I never felt as alive until I met you.
I also never felt as dead in my life.
As I watch the sky start to turn, light up another cigarette and wonder - what do I now?
What do I do with something I can't even understand myself?
Quick note: The other night, a great friend of mine asked what was with the photos I make - why the weird stances? Weird locations? Why/do I ever take normal photos of families or something? And all the such of that. While I know he supports me and has my back, I know he doesn't really understand what I do or my life choices and that's totally fine.
However, it did make me question things for a minute. While I already know that a lot of my work captures a strange mix of beauty and colors with underlying tones of what it is to be living with the things many people would rather not face. Things like the struggles of living with issues of depression, addiction, abuse, or anything that coincides with all of that.

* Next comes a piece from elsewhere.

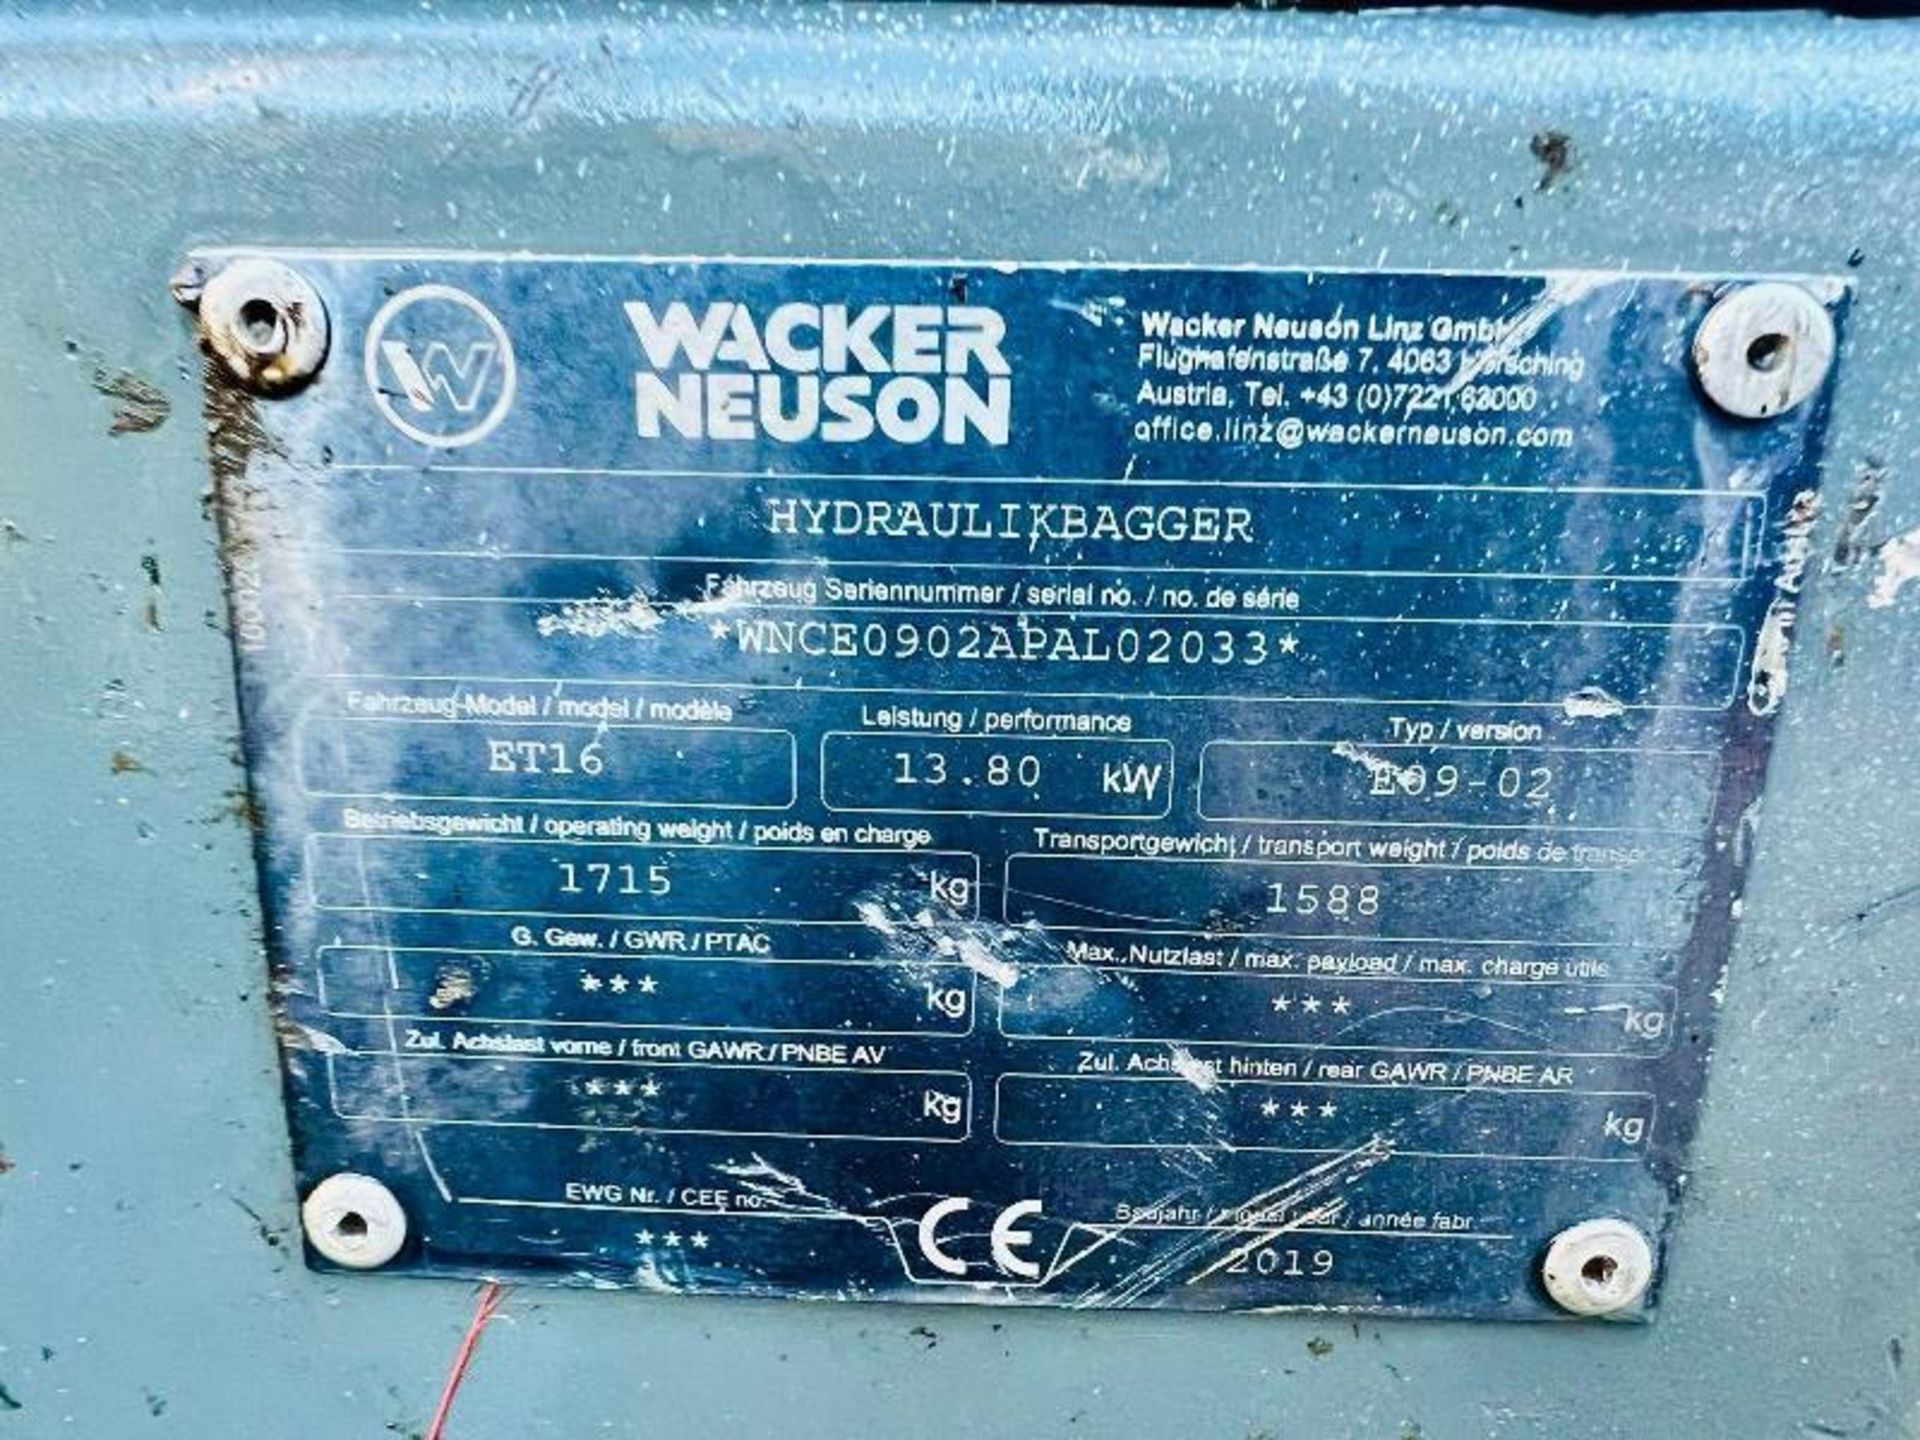 WACKER NEUSON ET16 EXCAVATOR *YEAR 2019, 2198 HOURS* C/W EXPANDING TRACKS - Bild 8 aus 16

The funny thing is, I don't really plan on going that way.
Actually, I never have too much of a plan to begin with. After everything is said and done - photos captured and edited and ready to go - I just go to work on it all and things just kind of go their own way. It was quite awhile of being frustrated on why, even when I tried to go other ways, it didn't feel right to me. I learned to not force it or question it anymore.
Today, I wouldn't have it any other way.
I think that this set is a perfect balance and representation of what it's like living with depression. The beautiful location of the bright pink building as the backdrop, but the overwhelming feeling of something being lost, or broken and isn't that what going through depression is? Or any of that? Surrounded by so much beauty and color in the world and knowing it, but still feeling so disconnected from it all. Like you're just a ghost trying to feel something, like you're stuck sleepwalking through life.